Yorkshire Chess History



Frederick William Cronhelm











Made in Yorkshire



Sheffield Sub-Site



28/05/1787, in Exeter


02/06/1871, Crow Wood, near Halifax


Holy Trinity Church, Halifax


During the middle of the 19th century, there lived near Halifax a father-and-son pair of chess-players by the name of Cronhelm; Frederick William Cronhelm was the father, and Edward Cronhelm was the son.  Frederick was born in Exeter to “an Hanoverian Gentleman” who had got stranded in England as a result of the Napoleonic wars.

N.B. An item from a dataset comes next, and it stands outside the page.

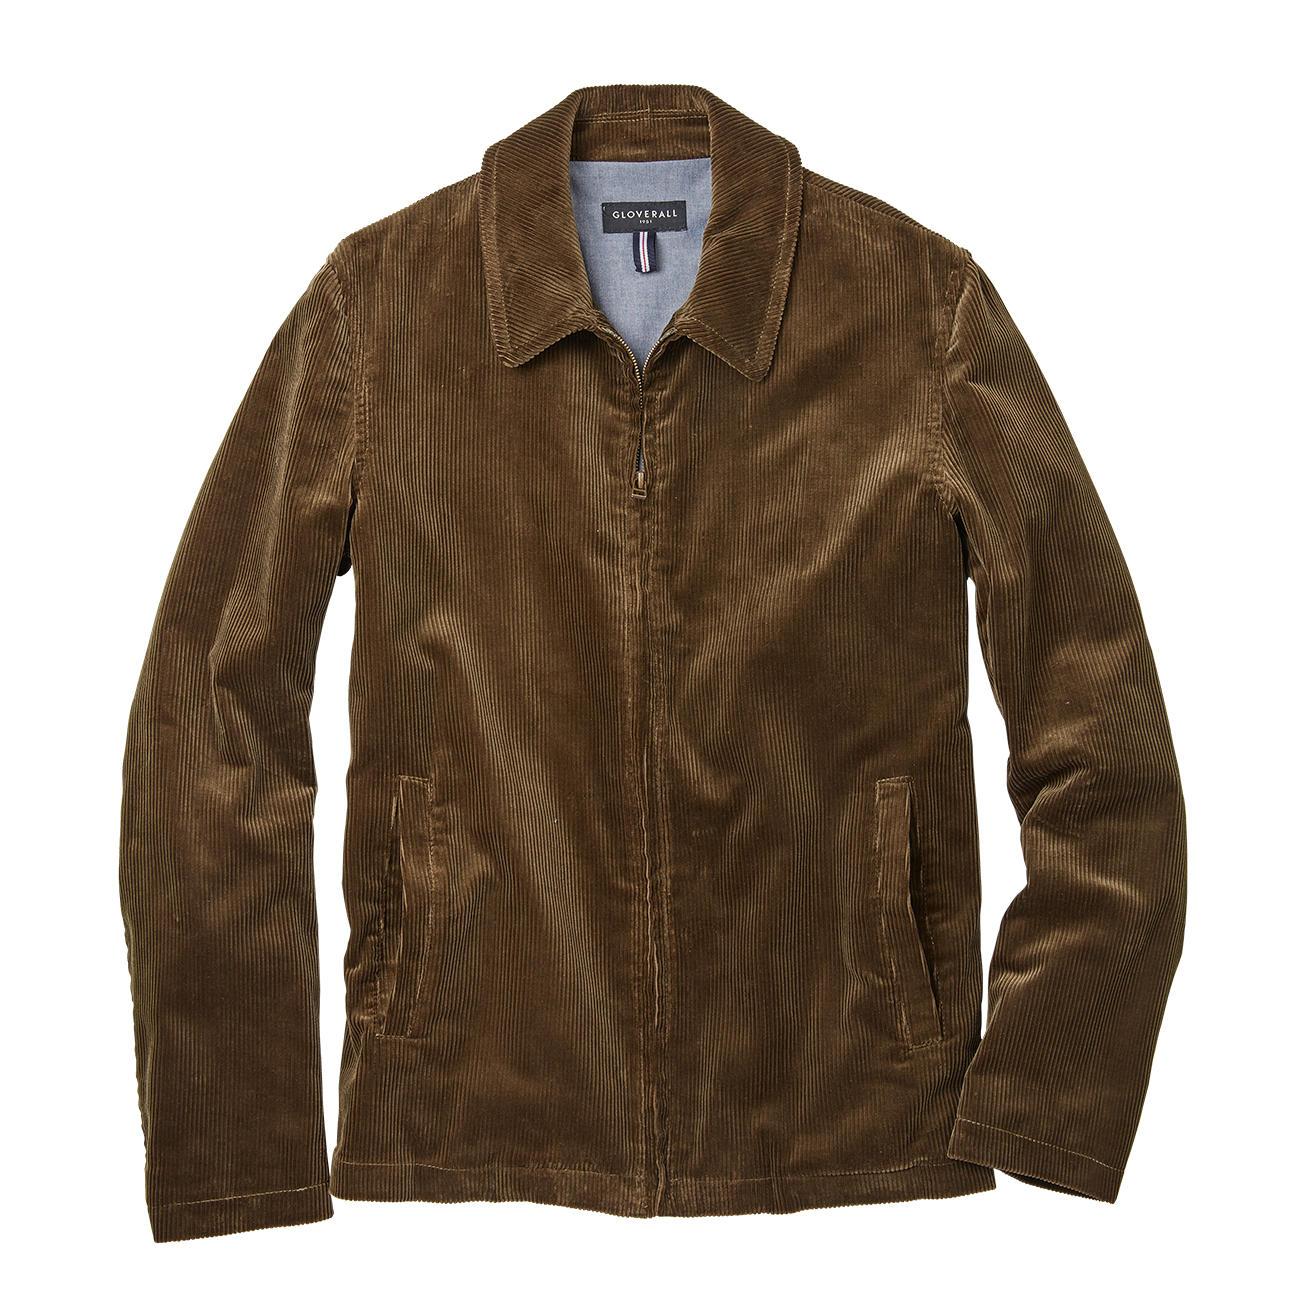 fbbb5d66d37078 Gloverall Harrington-Jacke - Kult-Klassiker Harrington-Jacke  jetzt  hochaktuell in Cord

Origins of the Cronhelms in England


The Halifax Cronhelms’ family was of German origin.  The family name was originally Schwesinger, but in 1677 one Andreas Schwesinger was ennobled and so acquired the epithet “von Kronhelm”.  The word “Kronhelm” means a “crowned helmet”, more specifically a helmet with a crest.


F. W. Cronhelm’s father, Wilhelm Georg Otto von Kronhelm (son of Ernst Philipp von Kronhelm and Johanna Erdmuth von Diebitsch), was born on 12th May 1748 at Cleve, in the Rheinland.  He entered the army, but at one stage in the Napoleonic Wars found himself attached to some English forces serving under General Murray at a time when they were defending St. Philip’s Castle against Franco-Spanish forces.  The fate of this branch of the “Schwesinger von Kronhelm” family took an unexpected turn when these English forces, along with Wilhelm Georg Otto von Kronhelm, were defeated and taken prisoner.  The English captives were eventually repatriated, and Wilhelm was sent with them to England.


Thus it was that Otto landed at Plymouth in 1782.  He was demobilised in 1783 and chose to settle in England, dropping the “von” and changing “Wilhelm” to “William”, replacing “K” with “C” in accordance with English spelling convention, so becoming the Anglicised “William Cronhelm”.  He moved to Exeter, where he worked as a teacher, mainly of languages, but also covering some commercial and even military subjects, setting up his own “academy”, successively located at various addresses in Exeter.


He married Caroline Bennett Clarke on 3rd April 1783, in the parish of Stoke Damerel, Plymouth, when he was recorded in the marriage register as "an Hanoverian Gentleman”.  Caroline died two years later, on 7th April 1785, leaving no children.


William then married Sarah Clarke, a relative of Caroline and daughter of the Reverend Henry Vaughan Clarke, Rector of Rockbeare in Devon.  This second wedding took place on 2nd July 1786 [?] in St. Peter's Cathedral, Exeter.  William and Sarah’s first three children were born in Exeter:

1.  Frederick William Cronhelm, born 28th May 1787, died 2nd June 1871, in Halifax;

2.  Henry Clarke Cronhelm, born 2nd July 1789, died c. 1837, in Dublin, Ireland;

3.  Louisa "Elisabeth" Cronhelm, born 12th July 1791, died 7th November 1810, at Chorlton Row, Manchester.


Their next two children were probably also born in Exeter:

4.  Charles Augustus Cronhelm, born c. 1793, [died ?].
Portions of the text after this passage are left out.